Execution is key – How do we execute the plan?As with any plan, execution is the key to success, but it also remains the biggest challenge for retailers in India today. While retailers seek manufacturers with resources and commitment to manage and grow categories, manufacturers will be willing to put their resources and efforts only on such retailers who are willing to collaborate and at the same time can efficiently implement plans at the store level and reap the benefits. This requires a top level commitment in the retail organisation to the category management initiative. Only then will manufacturers see reasonable ROI in the resource they put in. This will not only help retailers grow the category, but also save a lot of time and effort they put in the tedious tasks of assortment and space planning updates. They will be able to free themselves of these tasks and focus on more important areas like vendor management, promotions and process improvements.
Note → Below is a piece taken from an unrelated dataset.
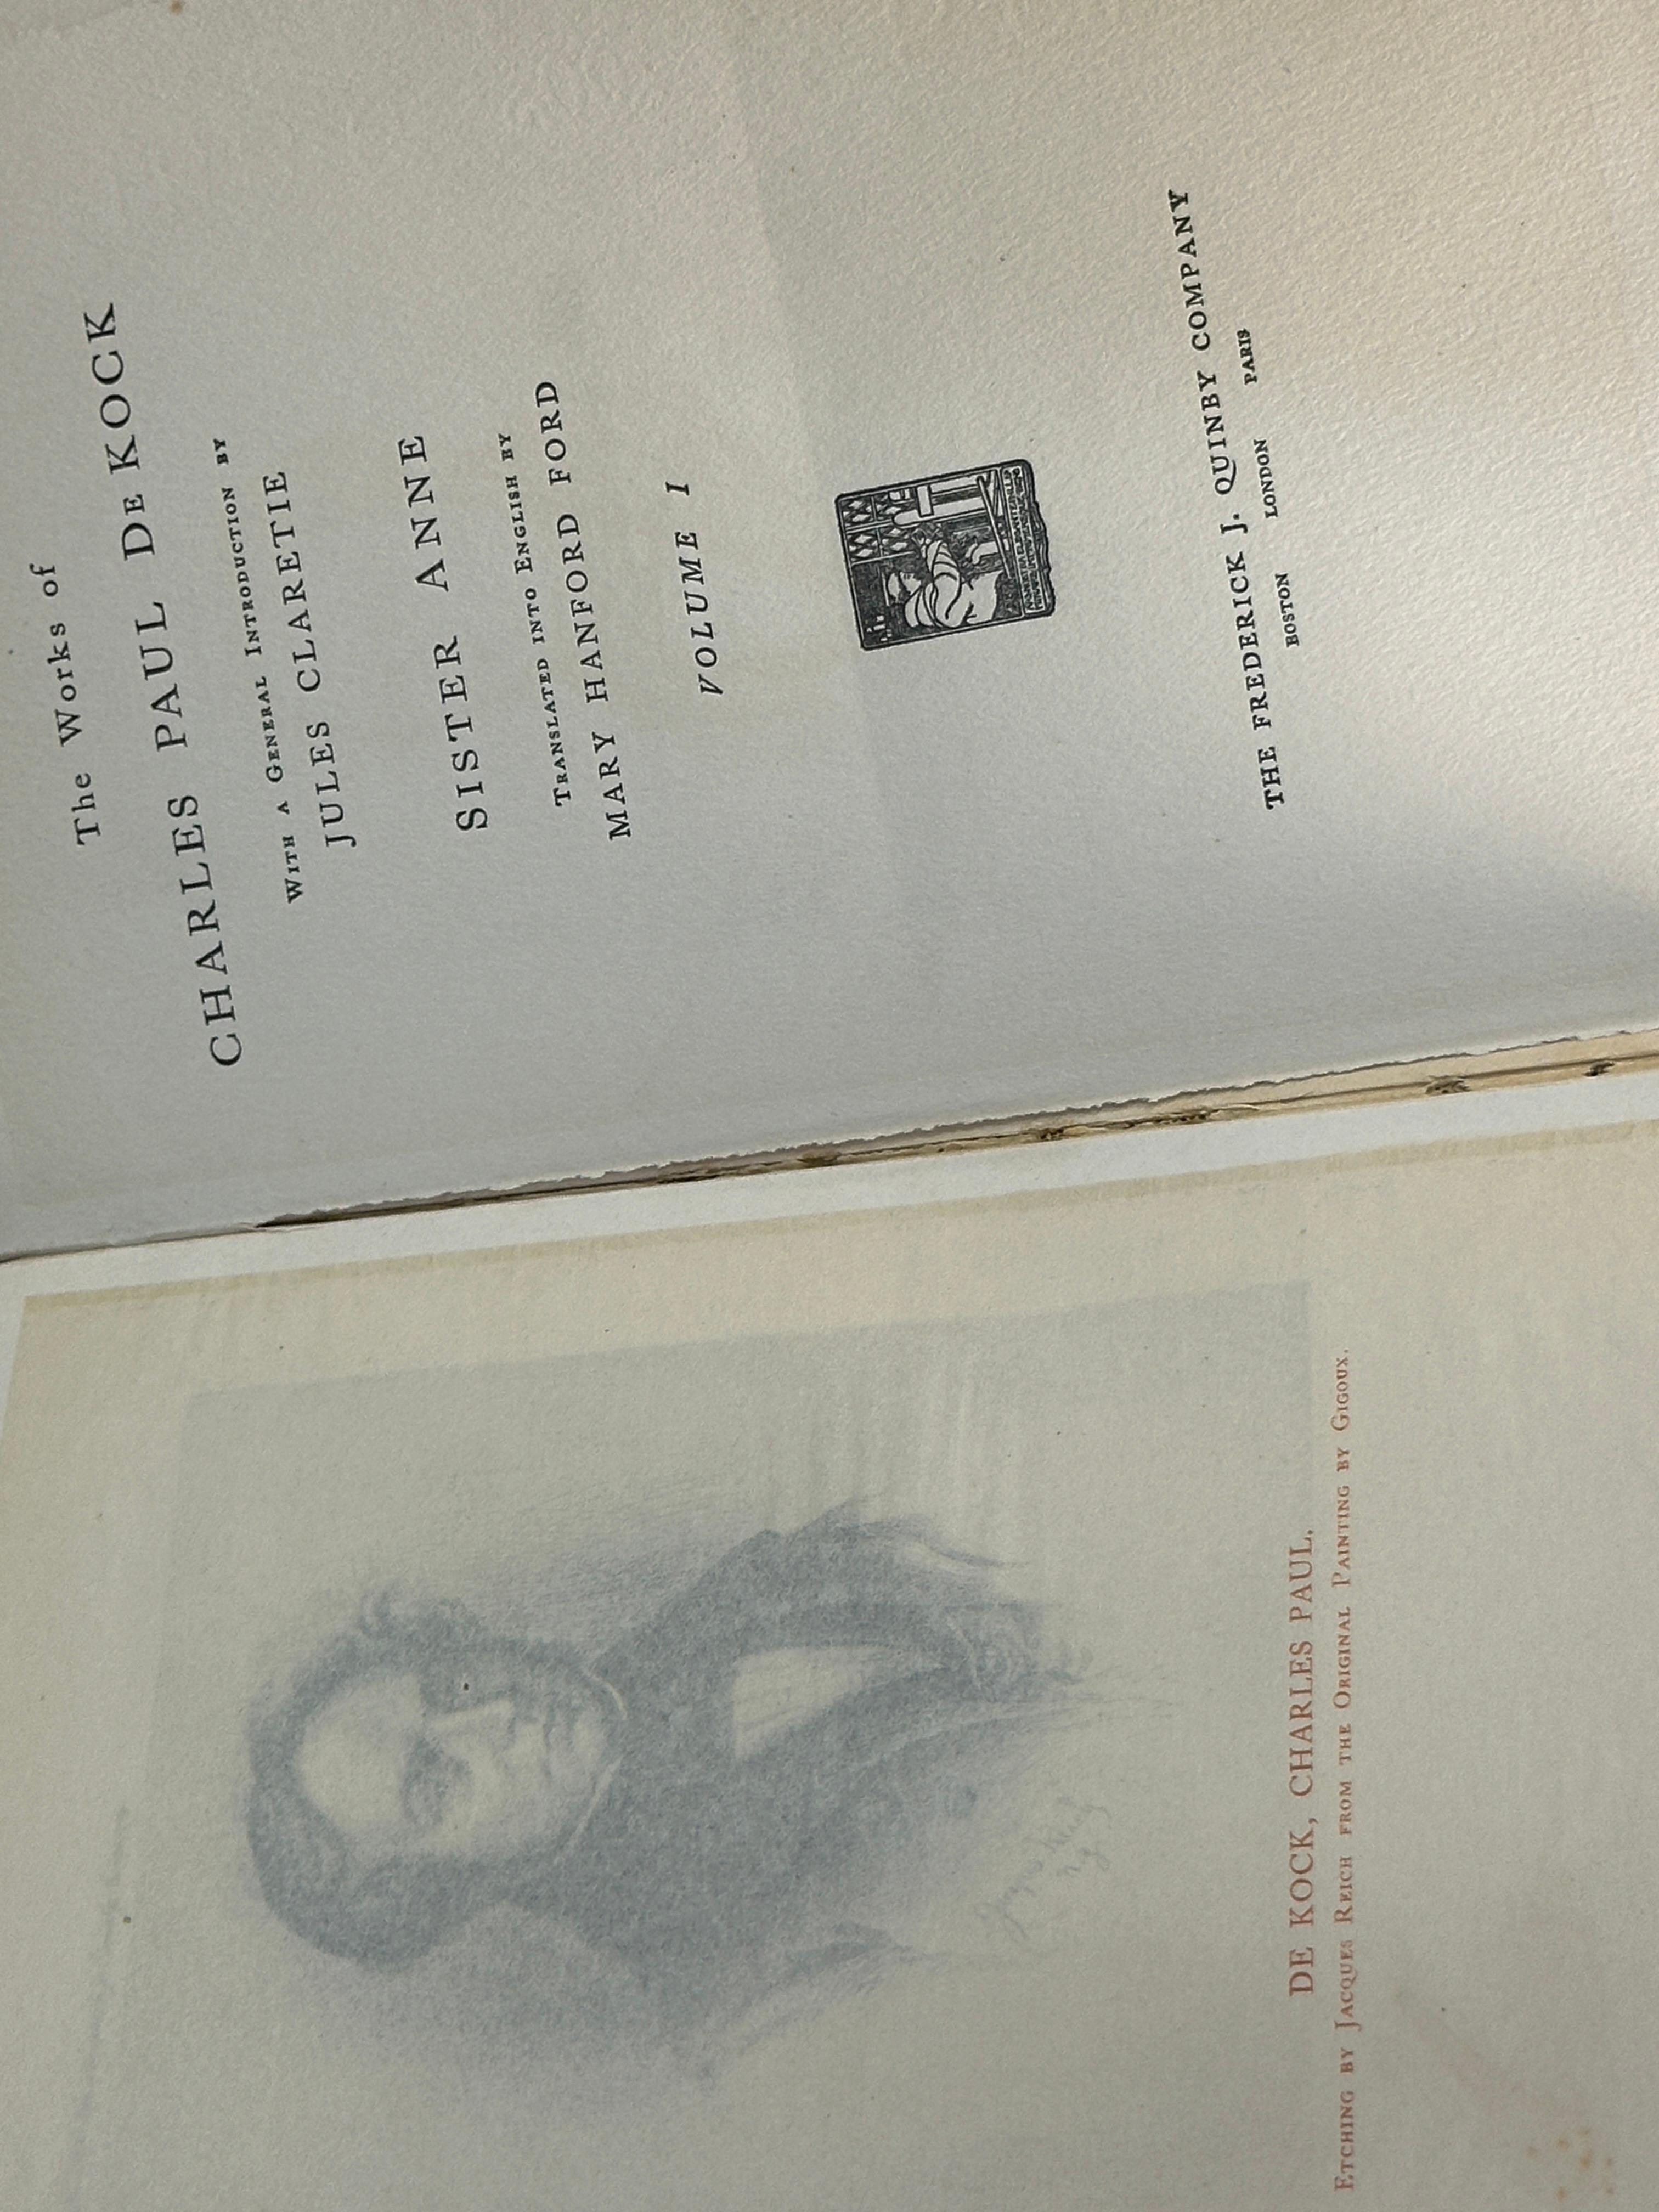 "Carles Paul de Kock Sister Anne" Vol. 1 and 2 Artists' Edition

Globally, retailer-manufacturer partnership has helped category development and benefited both the business partners. The good thing is that there is never a shortage of manufacturers with commitment and willingness to collaborate. But in a developing market like India, where the challenges are varied, both the retailer and the manufacturer need to show commitment to Category Management and trust in each other to see benefits of the process. This could be started on a small scale (say, a pilot) to test out the benefits and fine tune the process for customisation, and then taken up on a larger scale for a roll-out.
A few manufacturers and retailers have already started off on this road with Nielsen acting as a go-between. Collaboration is surely the way forward.
What is ‘Joint Category Management’?ECR Europe created a common definition of Category Management as part of the creation of the Category Management Best Practices Process.
This outlines Category Management as: A joint retailer-supplier process for evaluating and managing categories as separate business units on an item by item basis by focusing on delivering consumer value, and developing and monitoring targeted strategies for profitable growth.
What’s in it for the manufacturer?This helps them to take their engagement with the retailer to the next level. By doing so, manufacturers can take focus away from only price discussions. In most cases the retailer also agrees to share the off-take data for the category exclusively with the ‘Category Captain’ and also make them party to category strategy planning.
The manufacturer – through a collaborative process – also attains a unique position to better understand the retailer’s business and its customers than its competitors. This in the long term becomes a competitive strength of the ‘Category Captain’. For example, by leveraging his knowledge of the retailer and its customers, the captain can custom design promotions for their brands. This can eventually get his brands a higher share of the category with that retailer.